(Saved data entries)
• • •
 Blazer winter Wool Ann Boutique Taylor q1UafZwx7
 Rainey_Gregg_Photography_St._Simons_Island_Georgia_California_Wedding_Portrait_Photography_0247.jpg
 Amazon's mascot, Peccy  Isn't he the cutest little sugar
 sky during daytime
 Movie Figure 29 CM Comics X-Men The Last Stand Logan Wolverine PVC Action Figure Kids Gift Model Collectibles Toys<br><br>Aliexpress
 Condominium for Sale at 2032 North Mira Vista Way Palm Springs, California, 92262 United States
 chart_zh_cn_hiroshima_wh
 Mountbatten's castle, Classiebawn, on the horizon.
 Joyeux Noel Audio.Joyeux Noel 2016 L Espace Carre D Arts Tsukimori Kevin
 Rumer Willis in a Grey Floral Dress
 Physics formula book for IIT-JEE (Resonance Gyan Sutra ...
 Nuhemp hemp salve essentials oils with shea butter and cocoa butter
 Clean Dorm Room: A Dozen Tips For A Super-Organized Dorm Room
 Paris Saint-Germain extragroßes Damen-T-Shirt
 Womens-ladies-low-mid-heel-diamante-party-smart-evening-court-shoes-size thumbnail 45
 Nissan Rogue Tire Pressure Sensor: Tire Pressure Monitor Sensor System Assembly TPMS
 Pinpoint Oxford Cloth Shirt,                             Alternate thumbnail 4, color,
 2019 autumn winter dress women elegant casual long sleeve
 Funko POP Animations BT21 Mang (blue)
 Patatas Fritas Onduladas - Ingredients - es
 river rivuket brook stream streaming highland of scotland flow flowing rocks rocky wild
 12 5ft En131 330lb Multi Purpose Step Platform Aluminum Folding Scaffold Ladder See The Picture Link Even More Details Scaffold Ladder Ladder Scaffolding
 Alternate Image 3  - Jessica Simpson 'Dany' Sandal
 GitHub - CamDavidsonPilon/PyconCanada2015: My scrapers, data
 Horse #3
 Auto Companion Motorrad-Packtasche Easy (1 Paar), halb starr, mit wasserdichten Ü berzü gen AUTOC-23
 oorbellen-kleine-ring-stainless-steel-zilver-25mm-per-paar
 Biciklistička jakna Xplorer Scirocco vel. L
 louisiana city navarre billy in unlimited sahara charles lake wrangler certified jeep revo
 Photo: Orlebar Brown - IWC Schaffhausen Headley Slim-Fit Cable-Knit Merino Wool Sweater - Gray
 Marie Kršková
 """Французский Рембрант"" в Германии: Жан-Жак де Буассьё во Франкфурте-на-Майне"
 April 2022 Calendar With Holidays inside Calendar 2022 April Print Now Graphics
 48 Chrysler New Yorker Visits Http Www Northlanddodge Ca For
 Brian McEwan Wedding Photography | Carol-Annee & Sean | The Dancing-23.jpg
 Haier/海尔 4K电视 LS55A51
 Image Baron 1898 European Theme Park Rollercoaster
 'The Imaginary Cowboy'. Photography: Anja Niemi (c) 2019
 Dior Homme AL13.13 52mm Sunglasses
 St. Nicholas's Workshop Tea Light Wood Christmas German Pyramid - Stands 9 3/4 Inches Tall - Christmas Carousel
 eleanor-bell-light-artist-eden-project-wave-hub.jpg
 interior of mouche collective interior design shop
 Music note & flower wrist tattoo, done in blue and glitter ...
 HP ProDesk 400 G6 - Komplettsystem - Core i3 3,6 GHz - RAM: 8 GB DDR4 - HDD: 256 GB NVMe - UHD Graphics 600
• • •
■ Task instructions
Could you retype exactly the lines above, starting at the line that contains "Patatas Fritas Onduladas - Ingredients - es" and ending at the line that contains "Alternate Image 3", and nothing more?

■ Task response
 Patatas Fritas Onduladas - Ingredients - es
 river rivuket brook stream streaming highland of scotland flow flowing rocks rocky wild
 12 5ft En131 330lb Multi Purpose Step Platform Aluminum Folding Scaffold Ladder See The Picture Link Even More Details Scaffold Ladder Ladder Scaffolding
 Alternate Image 3  - Jessica Simpson 'Dany' Sandal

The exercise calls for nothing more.